Reputation Management

The following agreement relates to the supply of Online Reputation Management (ORM) services (“the Services”) “Company” (First Page Digital Pte Ltd) to the “Client” for the “Campaign” and “Website”.

  1. The Company agrees to provide the Client with the Services and is authorised to optimise the business/personal profiles and microsites which are used in the Campaign for the purposes of increasing the ranking for selected key phrases and the goal of demoting ‘offending and negative sites’ on page 1 of Google.
  2. For the Company to provide the Services, the Client agrees to provide correct access and other necessary logins to the Website for uploading, title tags, meta tags and making changes to content and source code for the purpose of optimisation.
  3. The Client acknowledges and agrees that:
    1. The Company has no control over the policies of the Search Engines with respect to the type of sites and/or content that they accept now or in the future.
    2. The Client acknowledges that the Company makes no warranty that Reputation Management will generate any increase in sales, business activity, profits or any other form of improvement for the Client’s business.
    3. Services are due payment under all circumstances; including if any of the following situations occur which may disrupt the efforts and work provided by the Company:
      1. If changes are made to the Website(s) and/or backlinks are built to the Website by other parties that adversely affect the services provided by the Company; or
      2. If the Website(s) is offline due to a reason not caused by the Company; or
      3. If Google releases an algorithm update and changes suggested by the Company are not implemented by the Client
      4. If work is delayed through no fault of the Company
  4. Any guarantees made by the Company does not apply in the following circumstances:
    1. If changes are made to the Website(s) by parties other than the Company that adversely affect the search engine rankings of the Website (as determined by the Company);
    2. If the Website(s) are offline due to a reason not caused by the Company.
    3. If Google releases an algorithm update and changes suggested by the Company are not implemented by the Client.

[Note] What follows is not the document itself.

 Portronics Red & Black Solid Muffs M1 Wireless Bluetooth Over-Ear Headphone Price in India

  5. If the Company does not reach the stipulated guarantees or milestones, at no fault of the Client (Company has full website access and client site has never been offline), the Company shall work for free for no more than ninety (90) days and Client is free to move on.

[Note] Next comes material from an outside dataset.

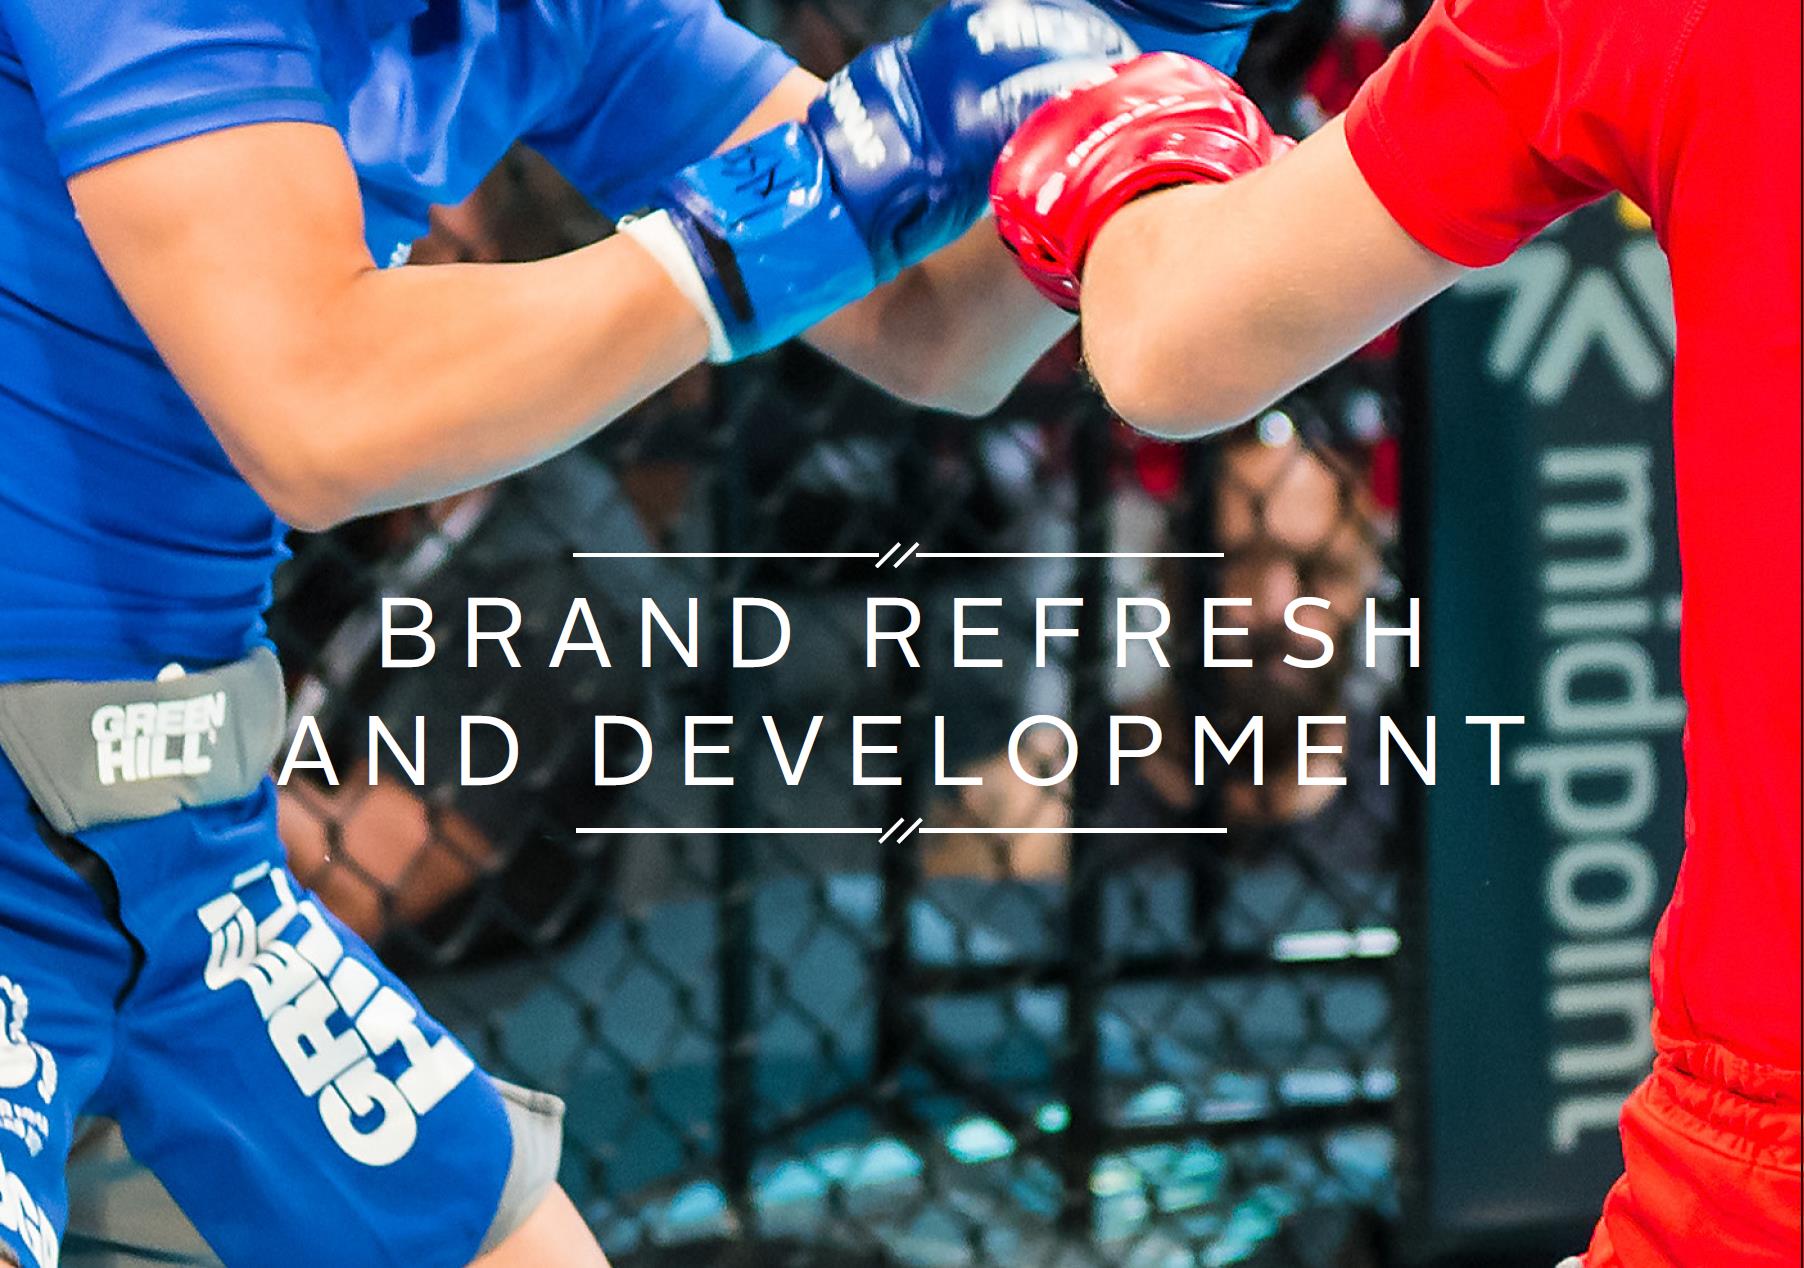 IMMAF LAUNCHES BRAND REFRESH FOR 2017

  6. The guarantee begins from the day the Company uploads content copy to the Client’s Campaign. The guarantee is void if the Company’s changes are overwritten or lost by the Client.
  7. Definitions:
    ‘Reputation Management’ means providing work to reduce the impact of ‘offending sites’ made by third parties against the Client.
    ‘Offending sites’ means a website, blog post or article deemed as harmful to the Client’s online reputation.
    ‘Negative Keyword’ means the key phrases used as search terms which produce the ‘offending sites’ deemed harmful to the Client’s reputation.